Senecio transmarinus

Scientific classification
- Kingdom: Plantae
- Clade: Tracheophytes
- Clade: Angiosperms
- Clade: Eudicots
- Clade: Asterids
- Order: Asterales
- Family: Asteraceae
- Genus: Senecio
- Species: S. transmarinus
- Binomial name: Senecio transmarinus S.Moore
- Synonyms: Senecio confertoides De Wild Senecio lanuriensis De Wild.

= Senecio transmarinus =

- Authority: S.Moore
- Synonyms: Senecio confertoides De Wild, Senecio lanuriensis De Wild.

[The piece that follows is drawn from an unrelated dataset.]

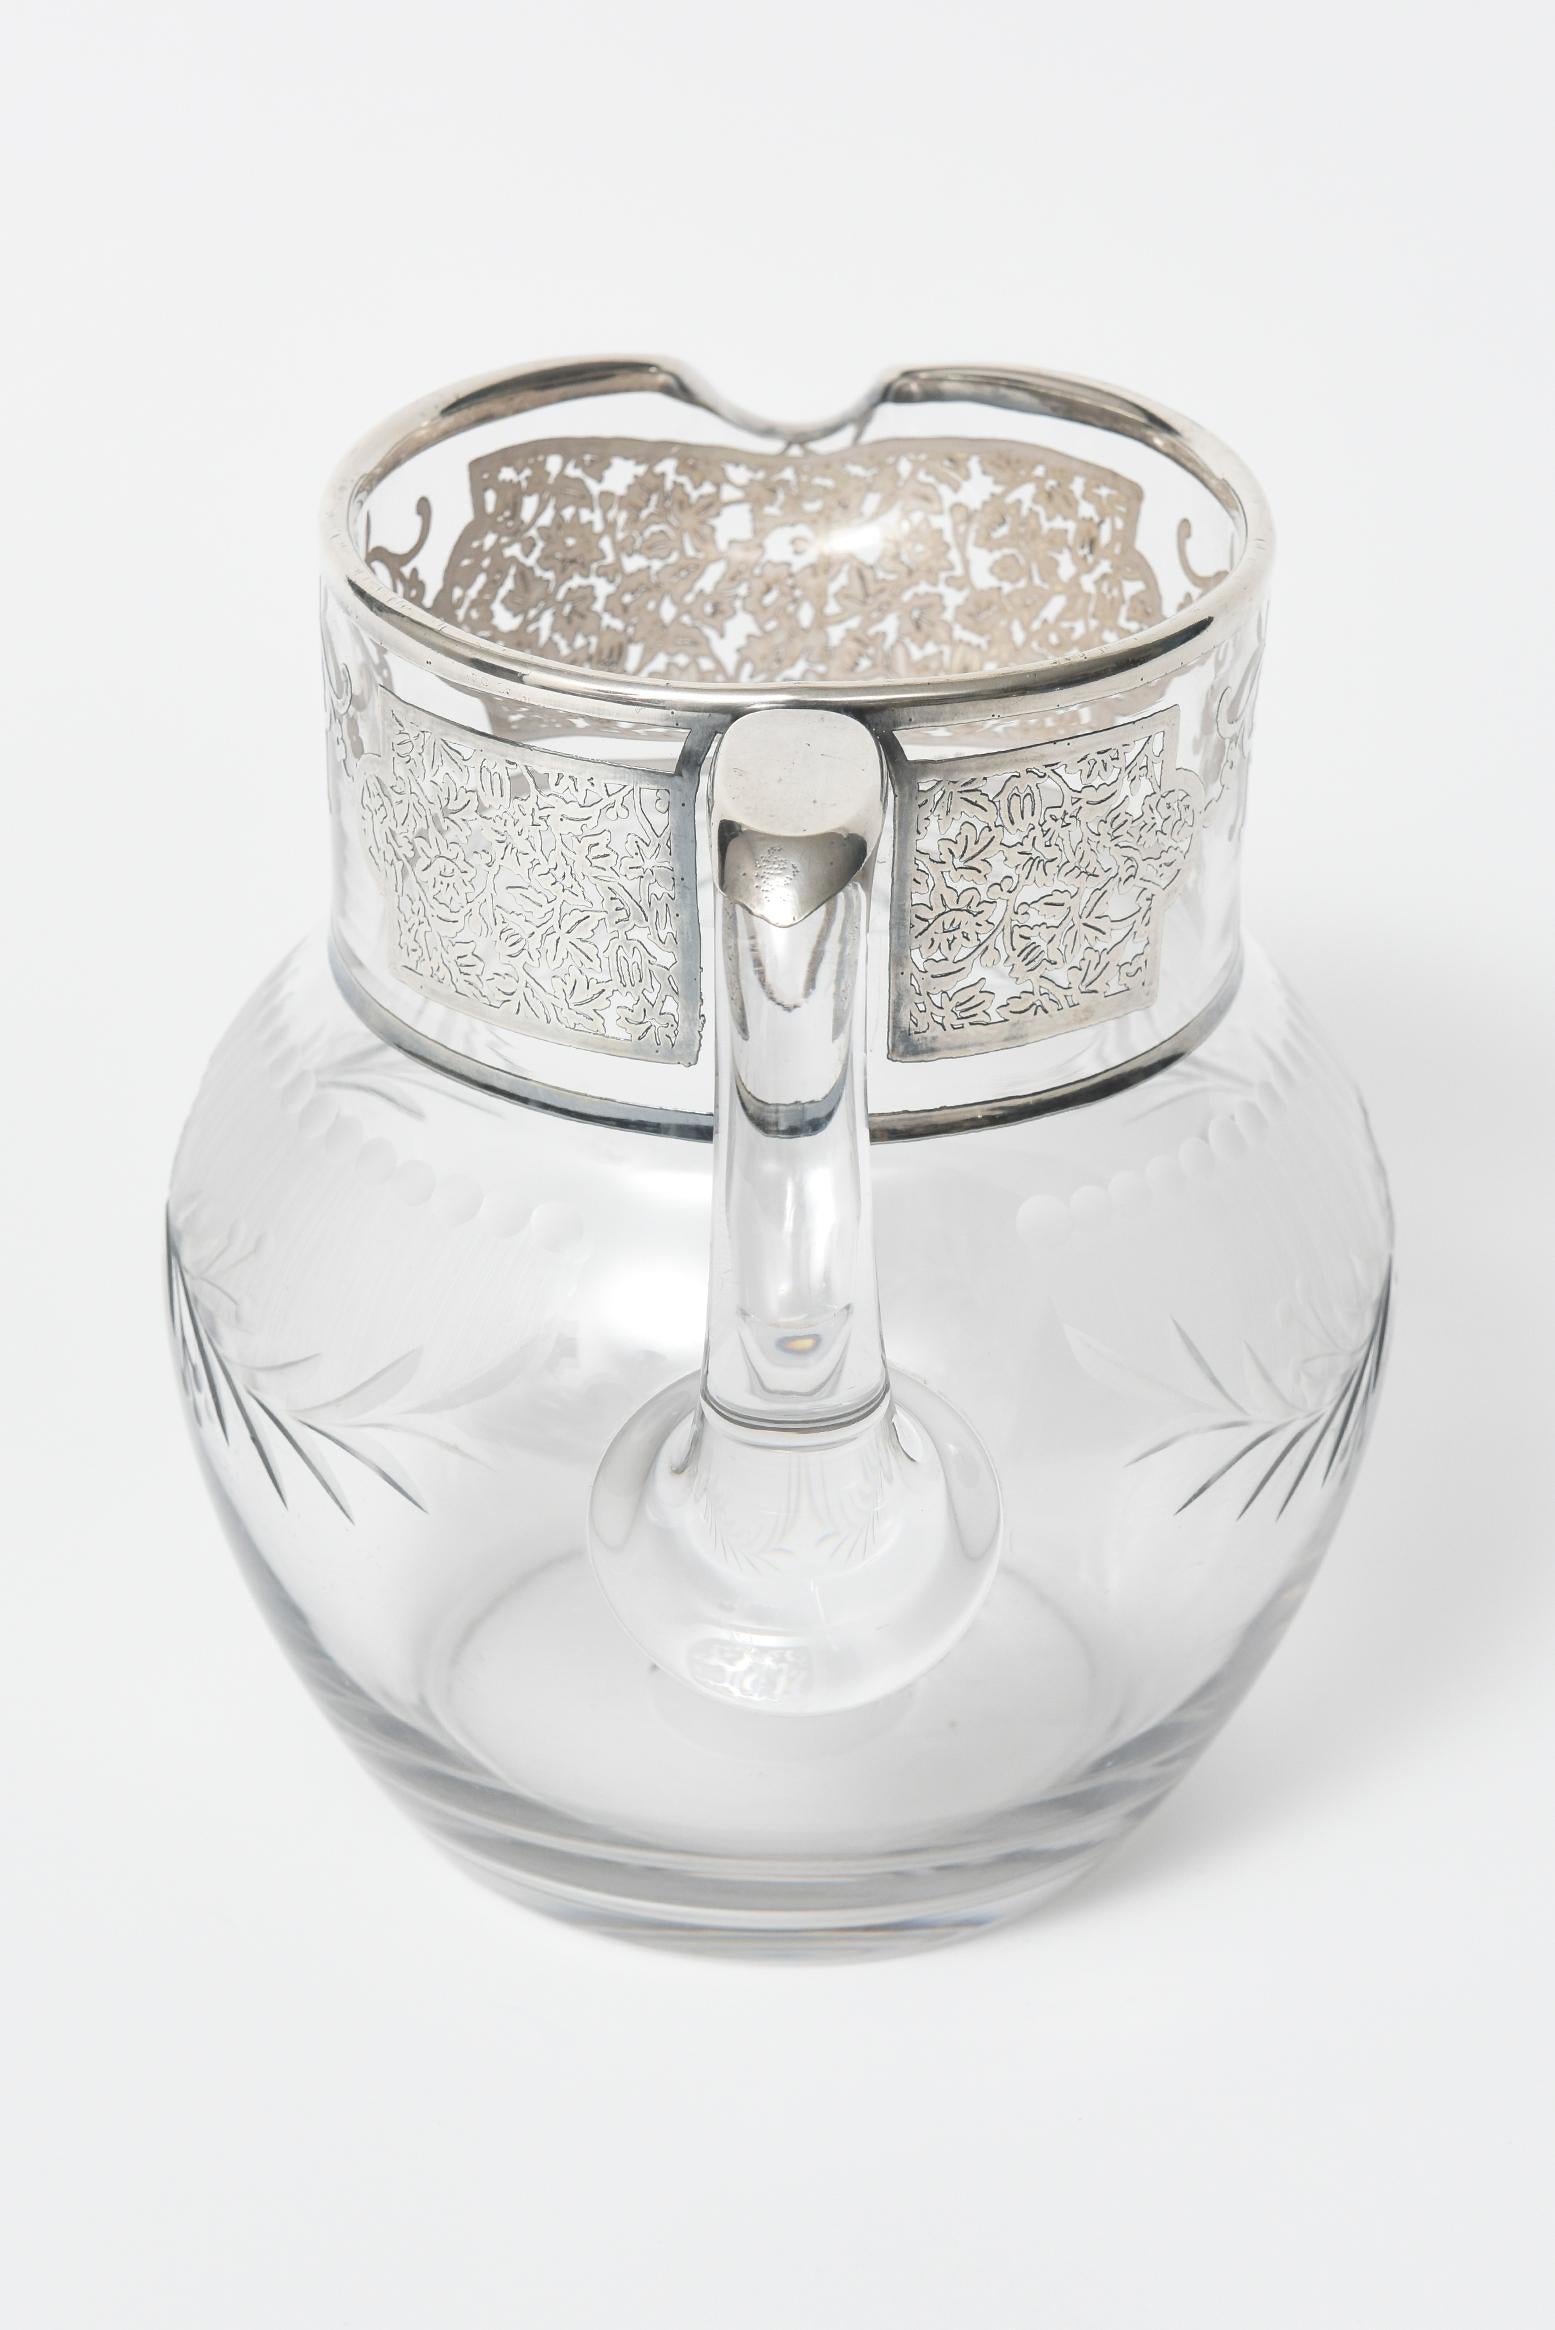 Silver Overlay Floral Etched Clear Glass Water Pitcher Jug Decanter For Sale 4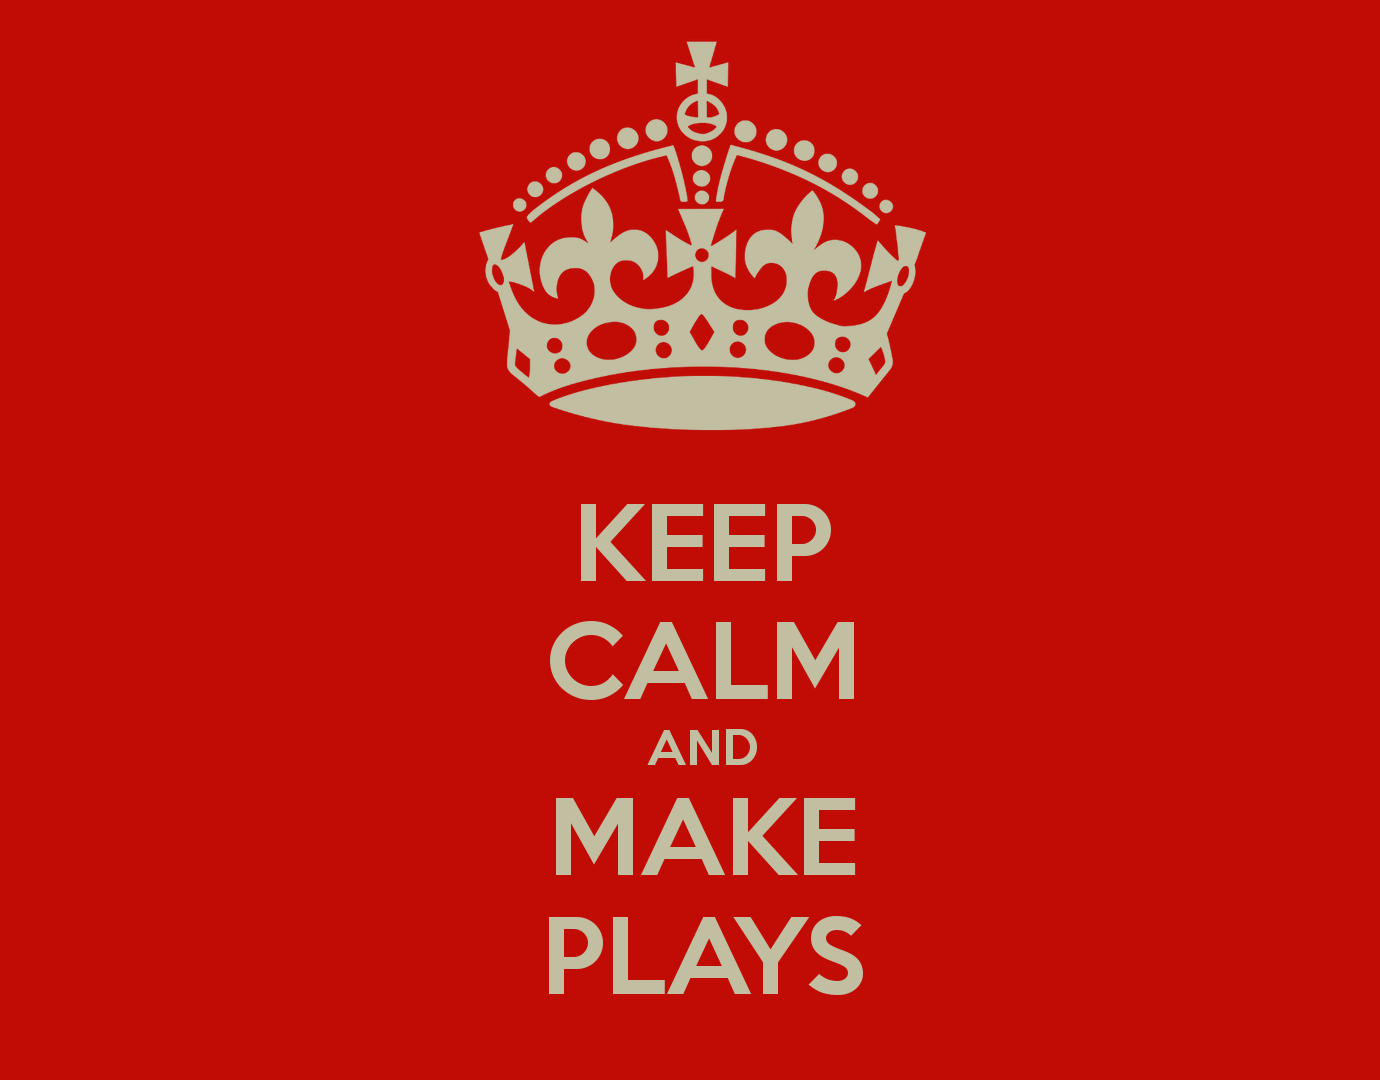 keep-calm-and-make-plays-8-846275-edited.png

Species of flowering plant

Senecio transmarinus is a sometimes straggling member of the flowering plants Asteraceae and species of the genus Senecio a perennial herb
that grows on the higher elevations of the Rwenzori Mountains in Uganda. It is also found in Rwanda and the Democratic Republic of the Congo. The inflorescences consist of several flowerheads with large yellow ray florets.

==Description==
Sometimes straggling and sometimes straight and found in the heathbelt and "alpine zone" between 3,000 and 4,200 m, Senecio transmarinus plants are much larger at lower altitudes than at the higher altitudes.

- Stems and leaves
  Stems 30 to 240 cm tall and are mostly without hairs. Leaves at the base are 3 to 8 cm long, a measurement which includes the petiole, and 1 to 2 centimeters wide. Leaves are lobed and somewhat waxy or sparsely hairy and sometimes purple on the bottom.

- Flowers
  "Inflorescences with several flower heads with striking large yellow ray florets" in clusters of 1 to many, each with 6 to 12 yellow ray florets and 5-veined disc yellow disc florets.

- Fruits
  Achenes 4 to 5 millimeters long and hairless; pappus 5 to 8 millimeters long.